$$\require{cancel}$$

• • Contributed by Jeremy Tatum
• Emeritus Professor (Physics & Astronomy) at University of Victoria

Suppose that some surface is being irradiated from a point source of radiation of intensity $$I \ \text{W sr}^{-1}$$ at a distance $$r$$. The normal flux density ("normal" meaning normal to the direction of propagation), as we have seen, is $$I / r^2$$. If the surface being irradiated is inclined so that its normal is inclined at an angle $$\theta$$ to the line joining it to the point source of radiation, the rate at which radiant energy is falling on unit area of the surface will be $$I \cos \theta / r^2$$.

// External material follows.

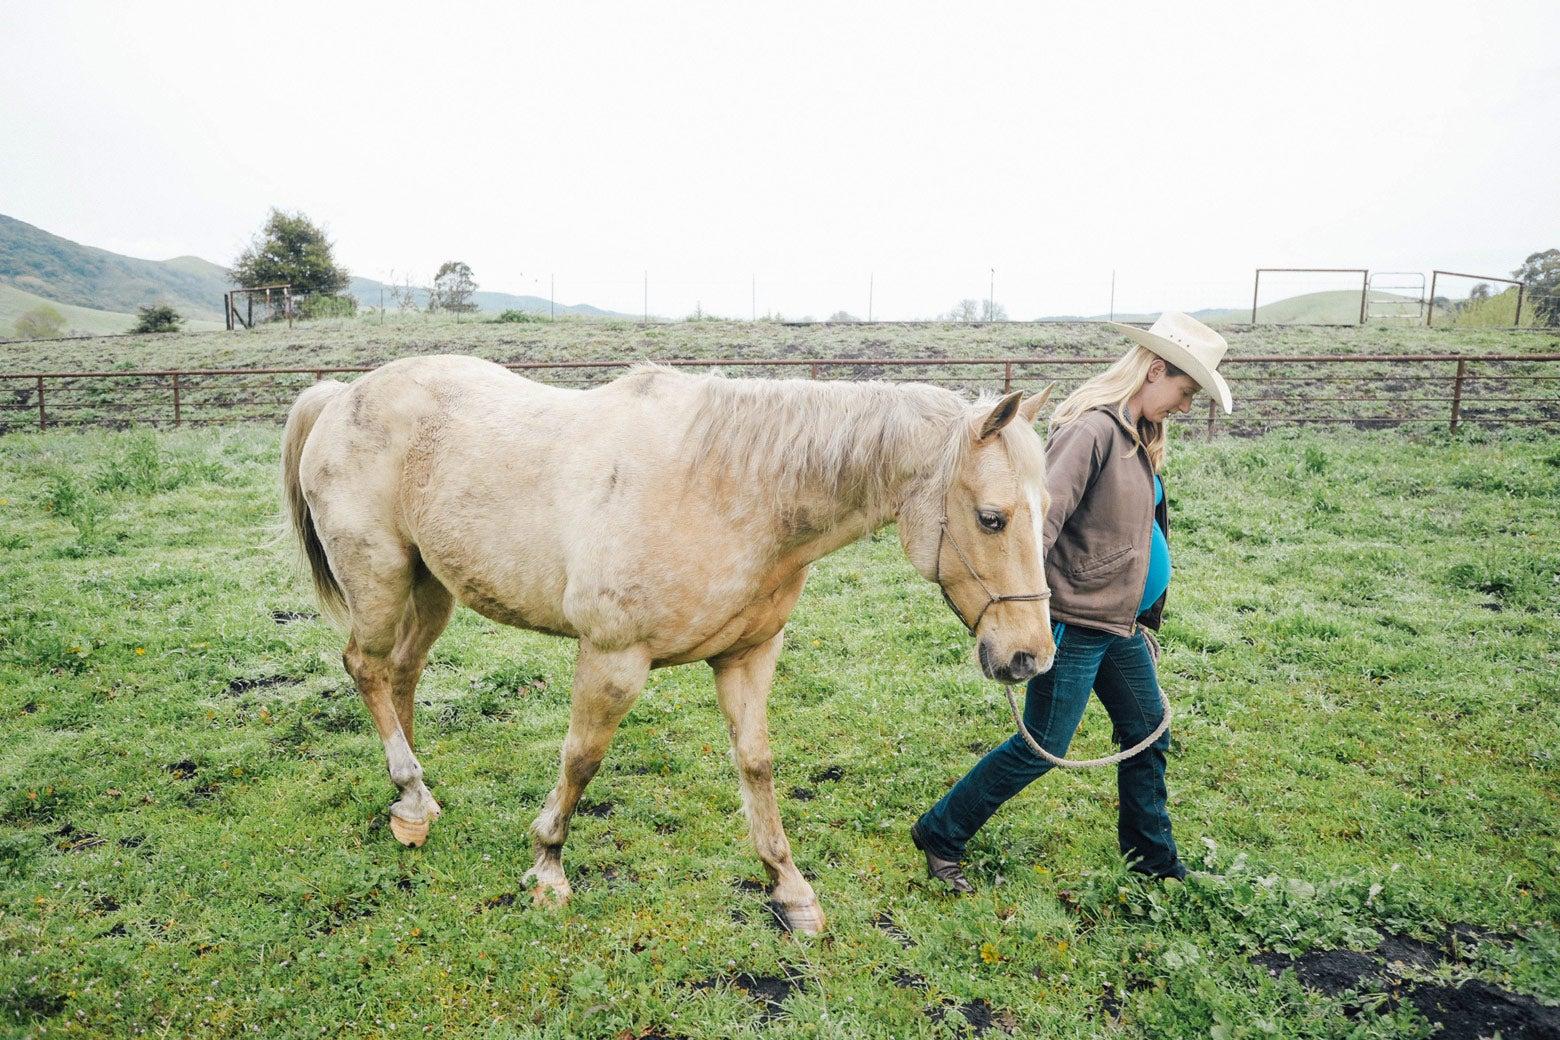 Elizabeth leads a horse through a field.

In any case, the rate at which radiant energy is falling upon unit area of a surface is called the irradiance of that surface. It is denoted by the symbol $$E$$, and the units are $$\text{W m}^{-2}$$. In the simple geometry that we have described, the relation between the intensity of the source and the irradiance of the surface is

$E = (I \cos \theta) / r^2 \tag{1.10.1} \label{1.10.1}$

If we are dealing with visible radiation, the number of lumens falling per unit area on a plane surface is called the illuminance, and is expressed in lumens per square metre, or lux. Recall that a lumen is the SI unit of luminous flux, and the candela is the unit of luminous intensity, and that an isotropic point source of light radiating with a luminous intensity of $$I$$ cd (that is, $$I$$ $$\text{lm sr}^{-1}$$) emits a total luminous flux of $$4\pi \ \text{lm}$$. The relation between the illuminance of a surface and the luminous intensity of a source of light is the same as the relation between irradiance and radiant intensity, namely, equation $$\ref{1.10.1}$$, or, if the surface is being illuminated normally, equation 1.8.2. If the luminous intensity of a source of light in some direction is one candela, the irradiance of a point on a surface that is closest to the source is $$1 \text{lm m}^{-2}$$ if the distance is one metre, $$1 \text{lm cm}^{-2}$$ if the distance is one cm, and $$1 \text{lm ft}^{-2}$$ if the distance is one foot. A lumen per square metre is a lux, and a lumen per square cm is a phot. A lumen per square foot is often (usually!) given the extraordinary name of a "foot-candle". This is a most illogical misuse of language, and is mentioned here only because the term is still in frequent use in non-scientific circles. Lumen, candela and lux are, respectively, the SI units of luminous flux, luminous intensity and illuminance. Phot and "foot-candle" are non-SI units of illuminance. The exact definition of the candela will be given in section 1.12; the lumen and lux are derived from the candela. Those who are curious about other strange-sounding units encountered in the quantitative measurement of the visible portion of radiation will also find the definition of "stilb" in section 1.12.

Problem

A table is being illuminated by a light bulb fixed at a distance $$h$$ vertically above the table. The fixture is such that the socket is above the bulb, and the luminous intensity of the bulb varies as

$I (\theta ) = \frac{1}{2} I (0) (1+ \cos \theta) \tag{1.10.2} \label{1.10.2}$

where $$\theta$$ is the angle from the downward vertical from the bulb. Show that the illuminance at a point on the table at a distance $$r$$ from the sub-bulb point is

$E(r) = \frac{I(0)}{2h^2} \left[ \frac{(1+r'^2)^{\frac{1}{2}}+1}{(1+r'^2)^2}\right] \tag{1.10.3} \label{1.10.3}$

where $$r' = r/h$$, and draw a graph of this for $$r' = 0$$ to $$r' = 2$$. For what value of $$r'$$ does the irradiance fall to half of the sub-bulb irradiance?

Problem

If the table in the above problem is a circular table of radius a, show that the flux that it intercepts is

$\phi = \pi I (0) \left[\frac{3a^2+2h^2-2h(a^2+h^2)^{\frac{1}{2}}}{2(a^2+h^2)} \right] \tag{1.10.4}$

What is this if $$a = 0$$ and if $$a \rightarrow \infty$$ ? Is this what you would expect? (Compare equation 1.6.7.)